- **What is expected**: Write the data out again exactly, with no pictures.

- **Raw data**:
"""
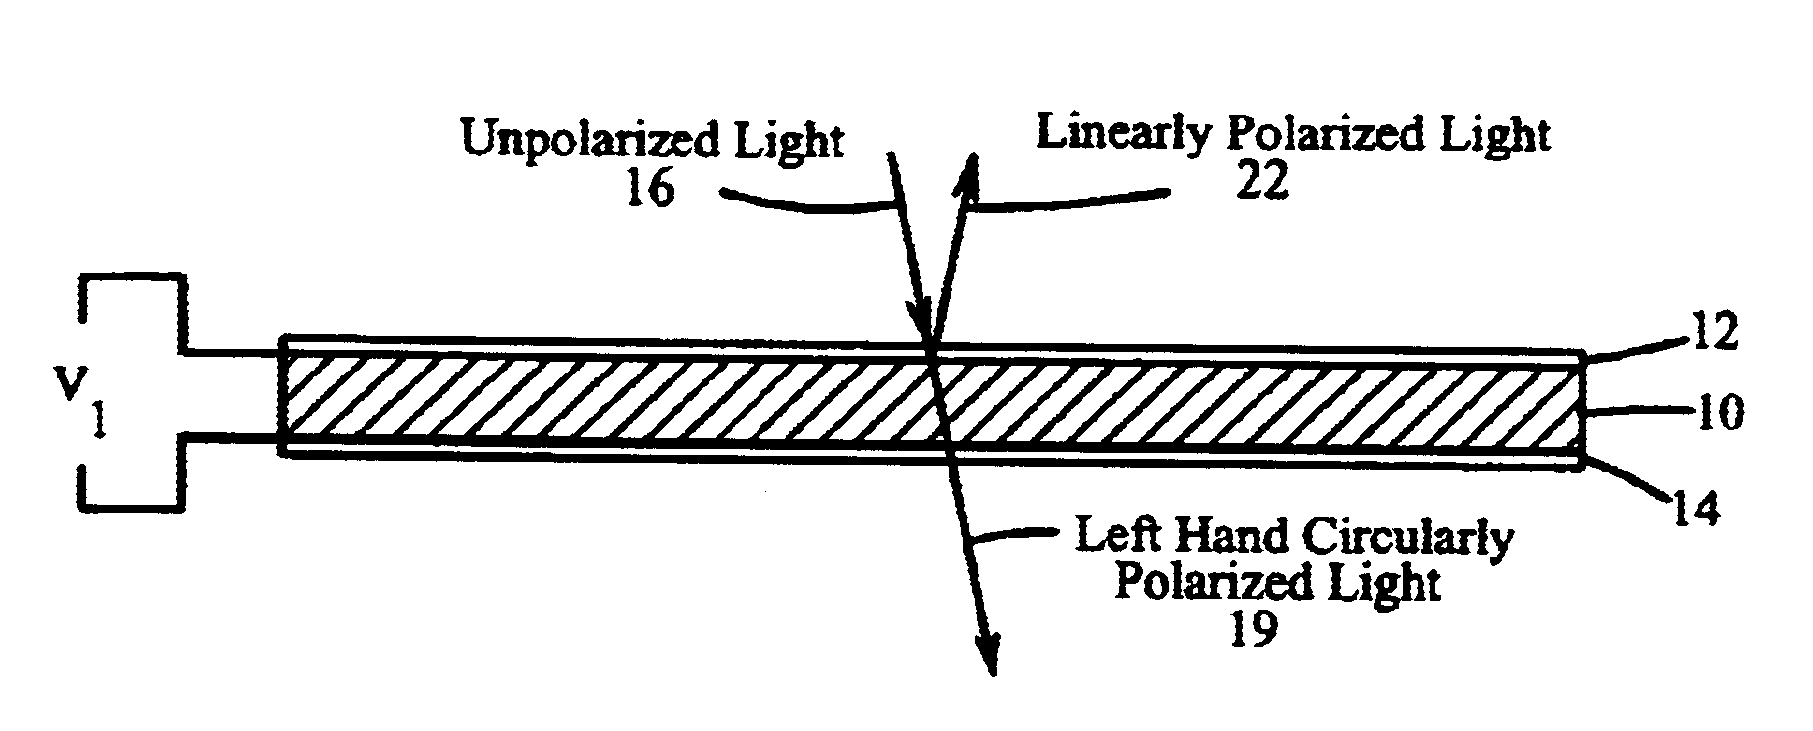 Spectrum-controllable reflective polarizers having electrically-switchable modes of operation
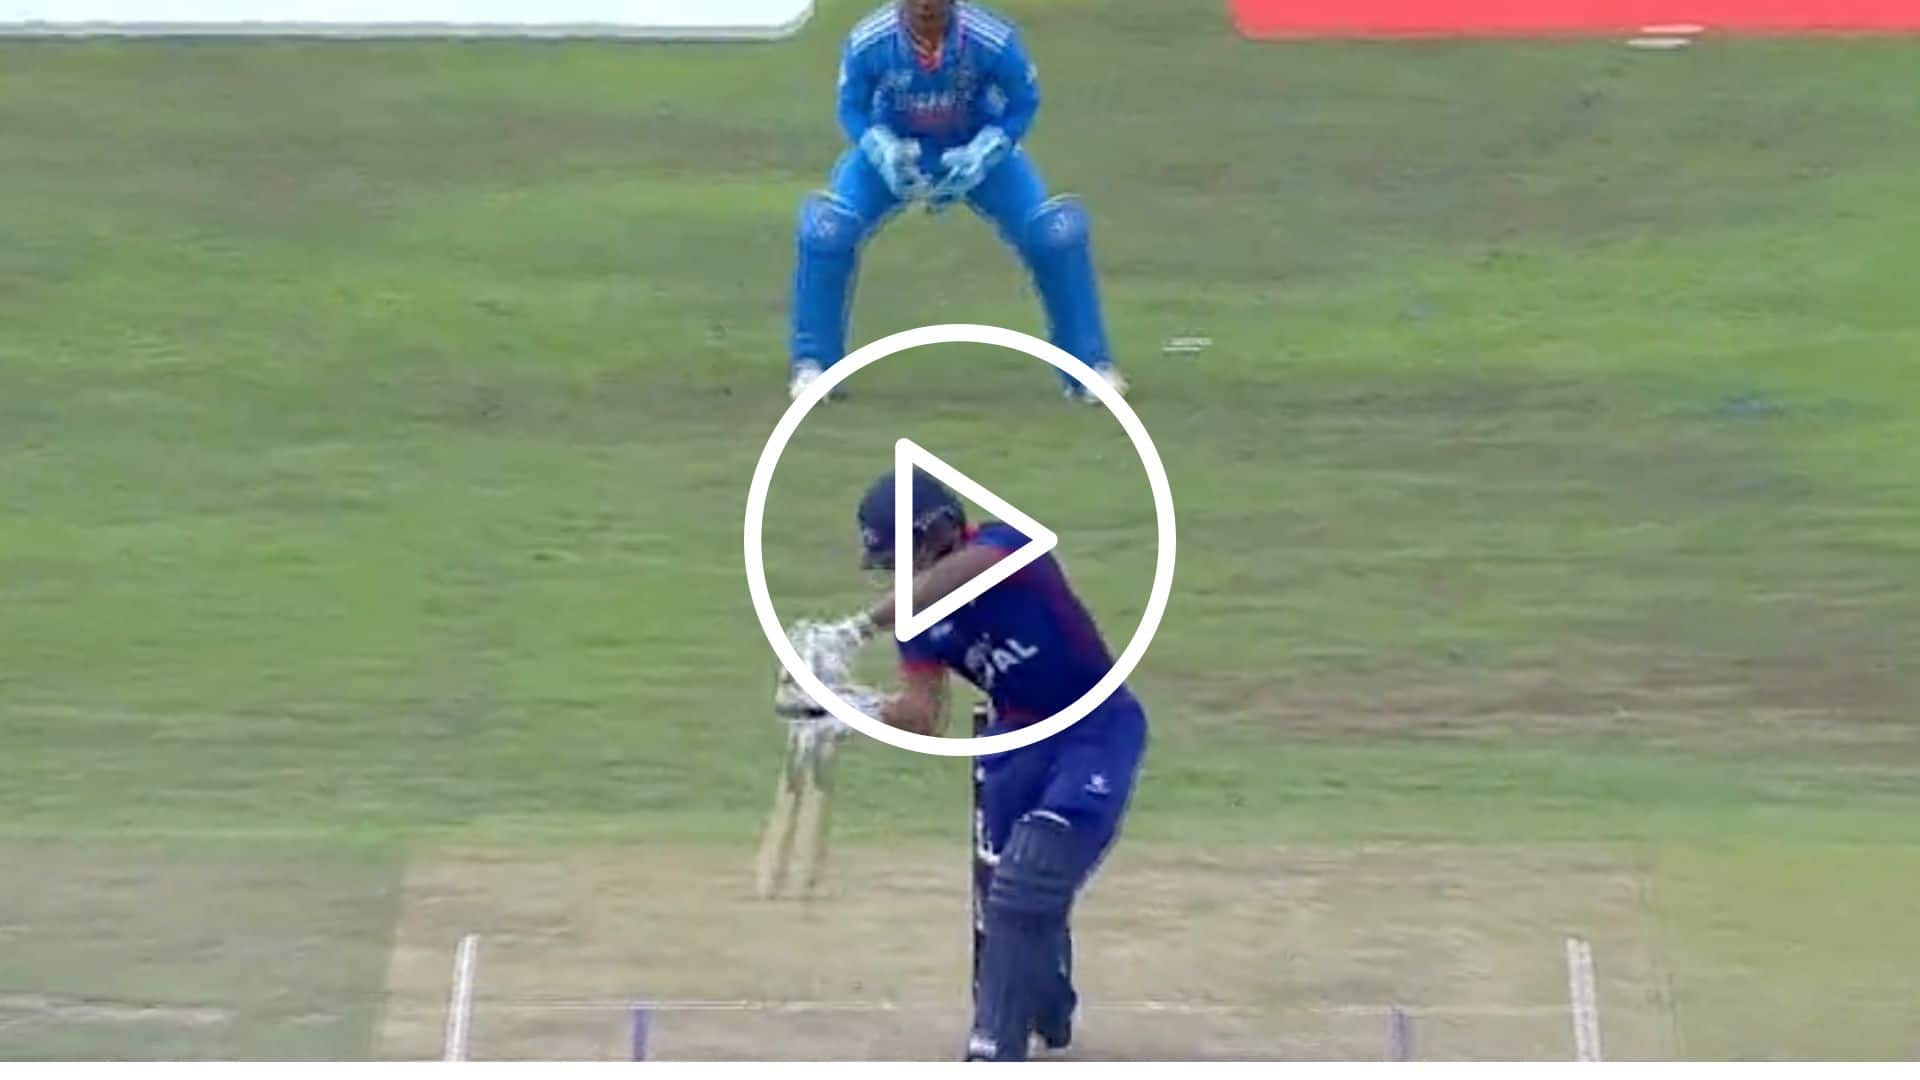 [Watch] Shardul Thakur - 'The Man With Golden Arm' Breaks Nepal's Brutal Opening Stand
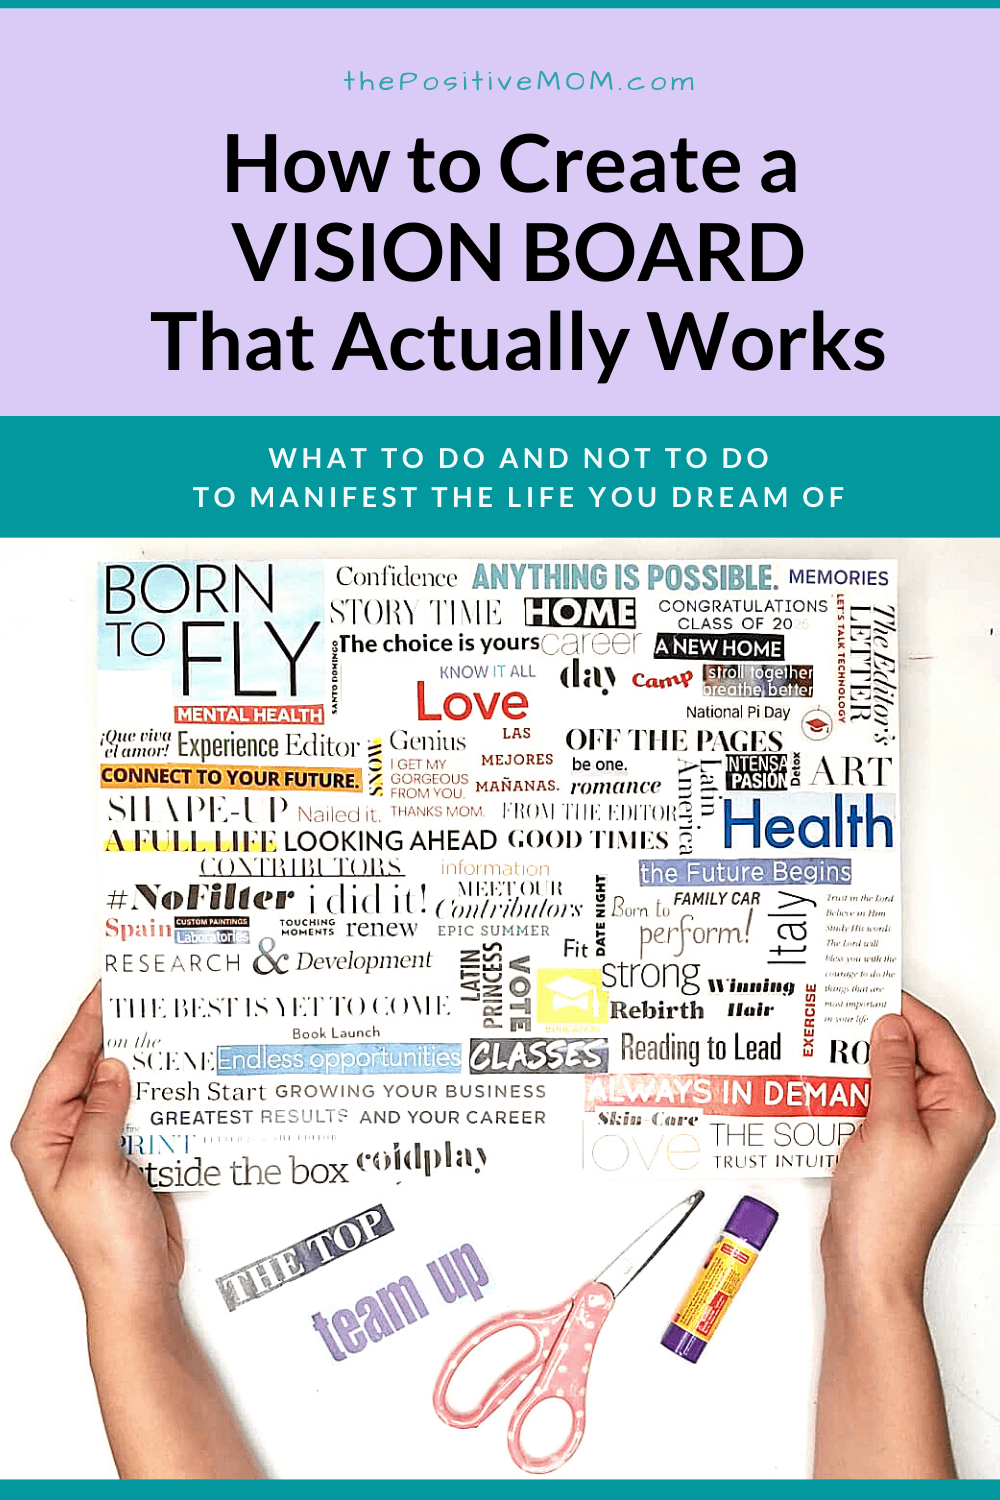 what-is-a-vision-board-and-how-does-manifesting-work-katie-crenshaw
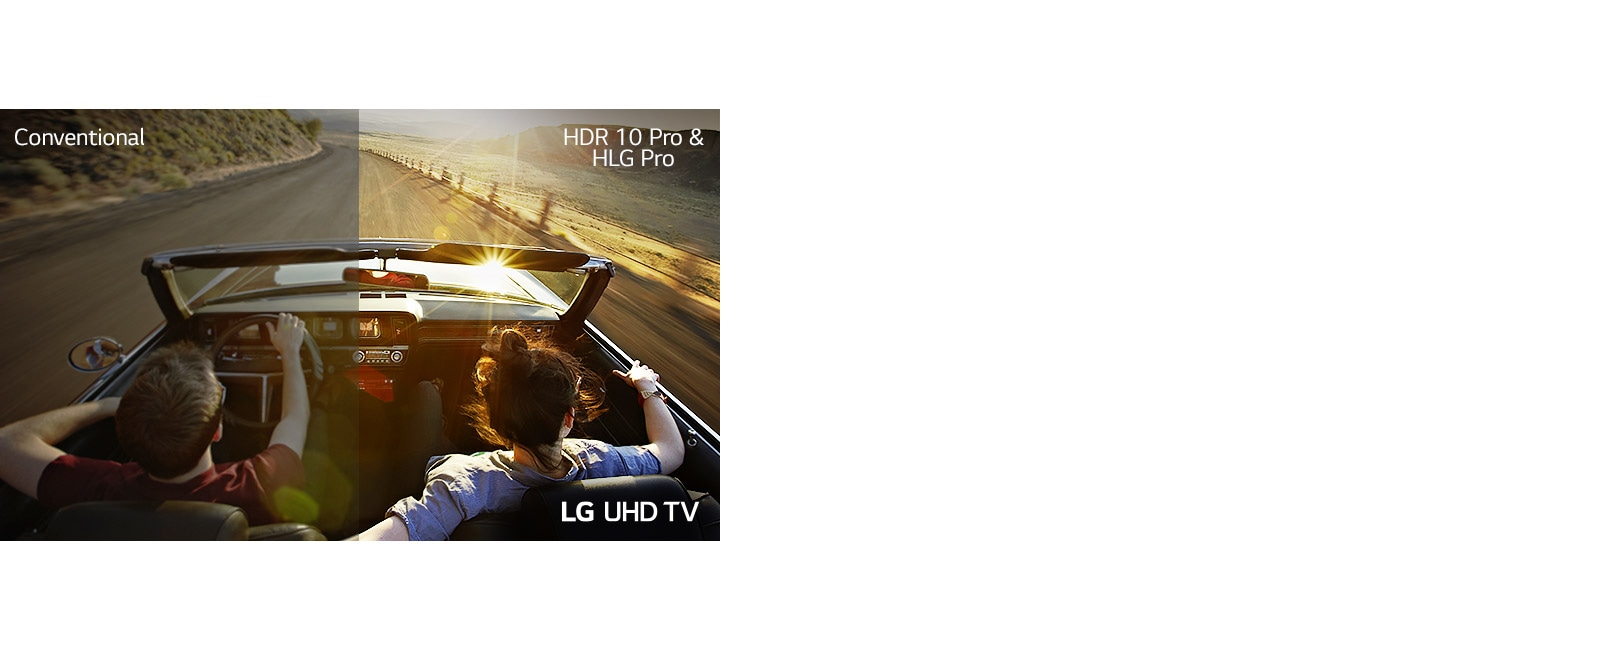 Split rear view of couple driving. Left shows conventional picture quality. Right shows LG UHD TV picture quality.
"""
- **Your response**:
 Spectrum-controllable reflective polarizers having electrically-switchable modes of operation
 [Watch] Shardul Thakur - 'The Man With Golden Arm' Breaks Nepal's Brutal Opening Stand
 what-is-a-vision-board-and-how-does-manifesting-work-katie-crenshaw
 Split rear view of couple driving. Left shows conventional picture quality. Right shows LG UHD TV picture quality.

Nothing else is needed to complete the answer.